SK On showcases the Ferrari SF90 Spider, the Italian luxury sports carmaker’s first plug-in hybrid model equipped with SK On cells at a battery industry expo in Seoul in March 2022 (Courtesy of SK On) SK On Co., the world’s fifth-largest electric battery maker, may receive money for capacity expansion from its parent company SK Innovation Co. as the cell manufacturer is struggling to raise funds for its $11 billion capital expenditure plan.
SK Innovation, South Korea’s top refiner, on Thursday indicated potential financial support to SK On. Industry sources expected the energy company of the country’s No. 2 conglomerate to seek a rights offering to help the wholly owned battery subsidiary.
“We are closely watching SK On’s fundraising situations and considering various possibilities,” said SK Innovation Chief Financial Officer Kim Yang-seob during an earnings conference call when asked if SK Innovation plans to inject cash into SK On.
The parent company has been expected to take rescue measures as the battery unit faced tougher conditions to raise money in financial markets, according to investment banking industry sources.

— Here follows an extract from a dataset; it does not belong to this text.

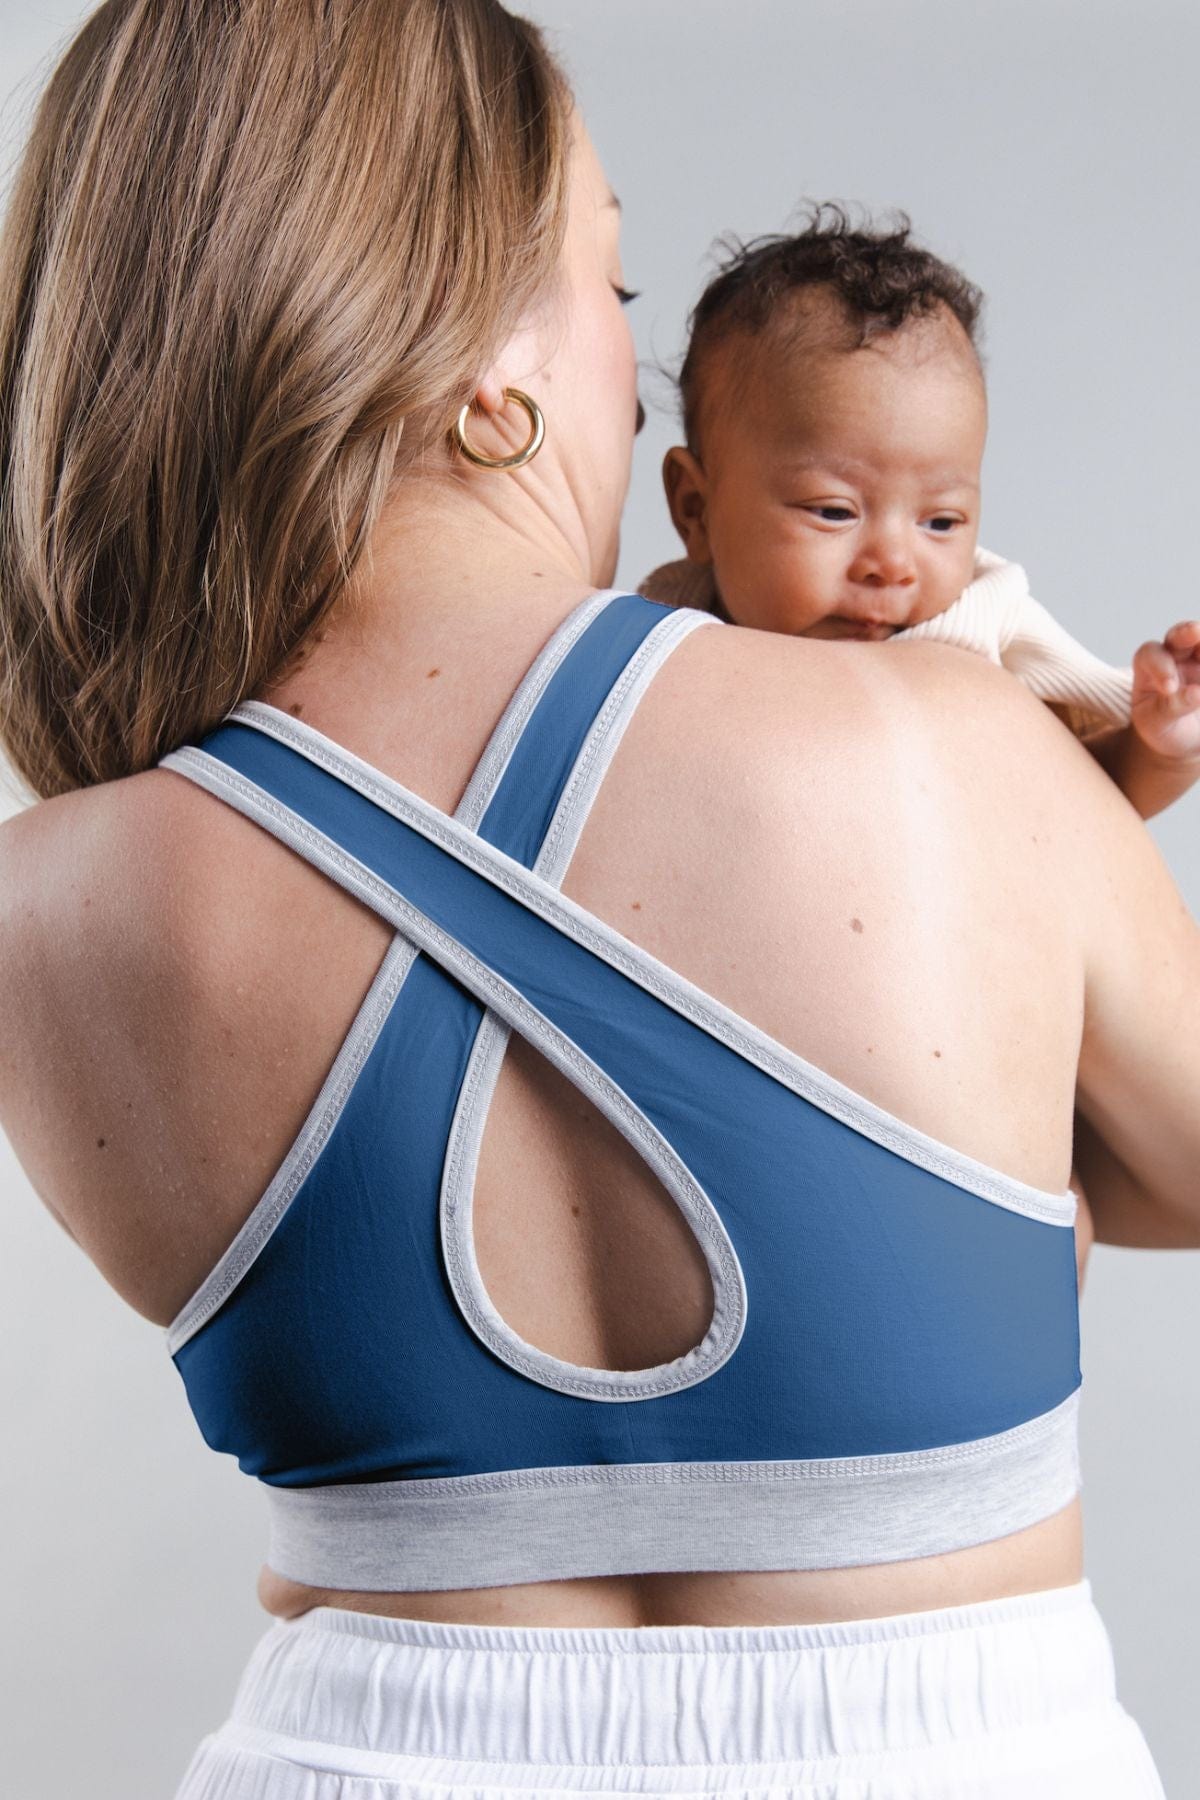 Undercover Maternity, Nursing & Beyond T-Shirt Bra™

“SK On’s fundraising has been stalled as the situation in financial markets keeps deteriorating,” said one of the sources. “There was market talk that SK Innovation may provide 500 billion-1 trillion won ($353 million-$705 million).”

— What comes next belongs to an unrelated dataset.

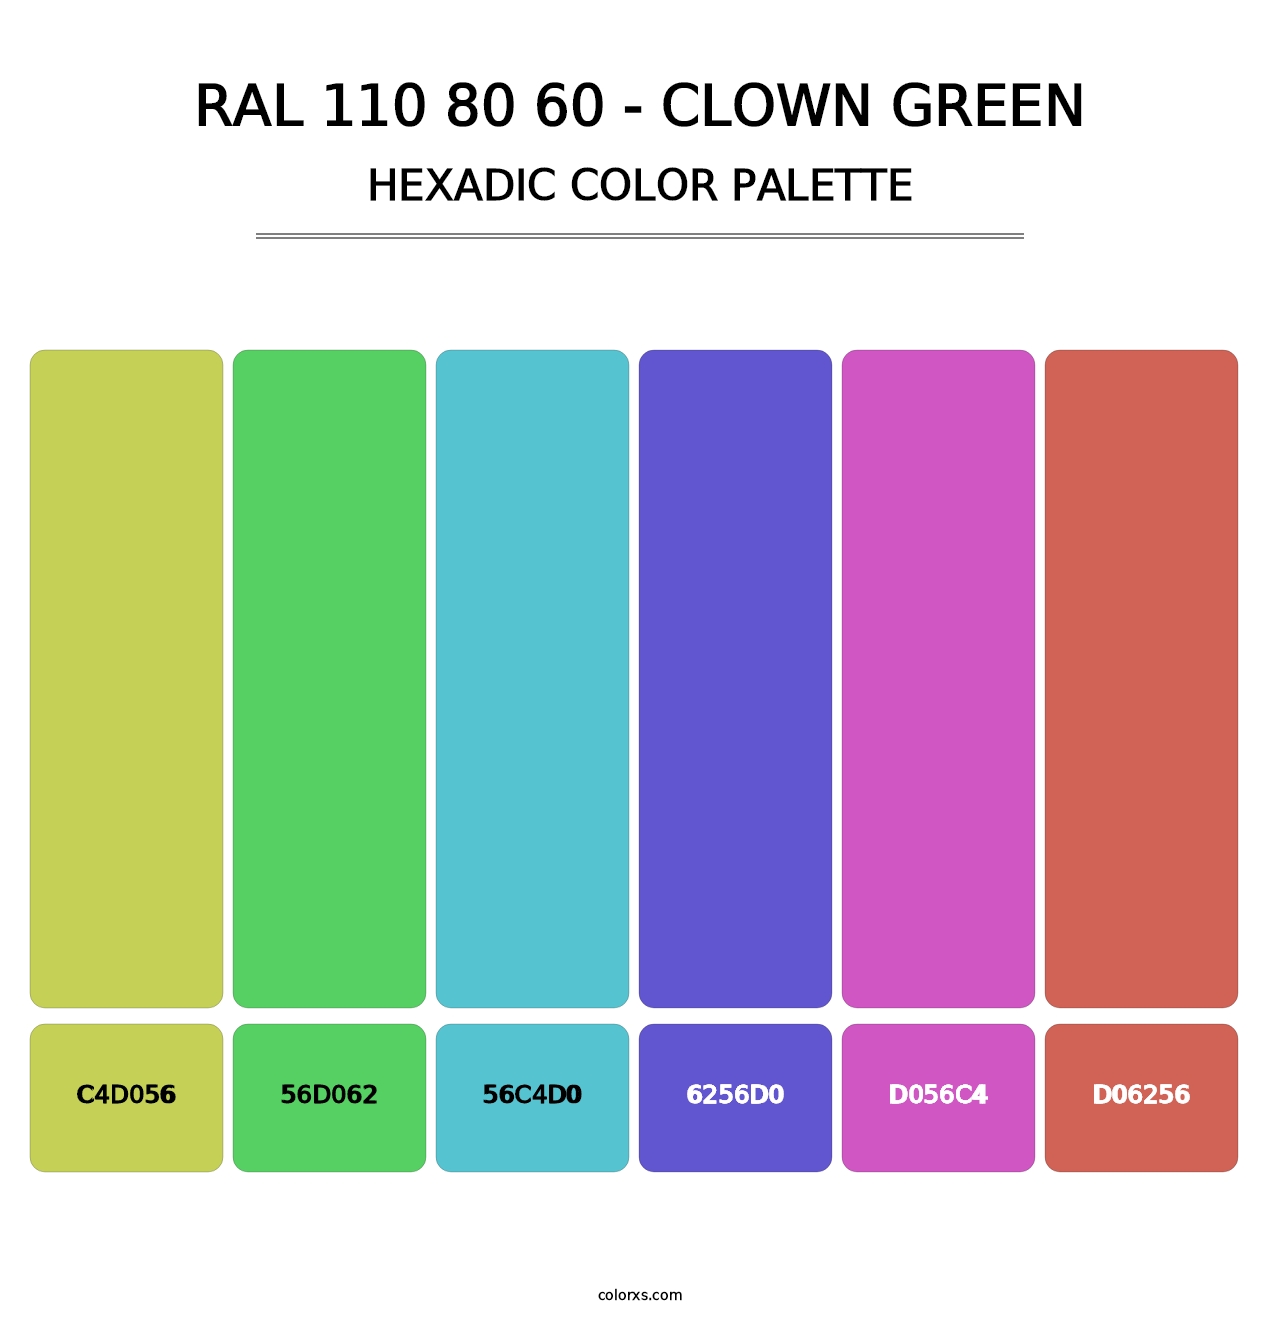 RAL 110 80 60 - Clown Green - Hexadic Color Palette

SK ON STILL IN TALKS FOR PRE-IPO
SK On unveiled a plan to invest 11.3 trillion won in capital expenditures in its half-year earnings statement earlier, but industry sources doubted if the company could meet the spending target, given its weak financial structure and cash flow.
Its total borrowings amounted to 8.5 trillion won on a consolidated basis as of end-June with a debt ratio of 299%. Sustained deficits with a loss before tax of 168.6 billion won in the third quarter are expected to raise the ratio to above 300%.
The company expects a turnaround in the middle of next year, which some industry sources said seemed too optimistic.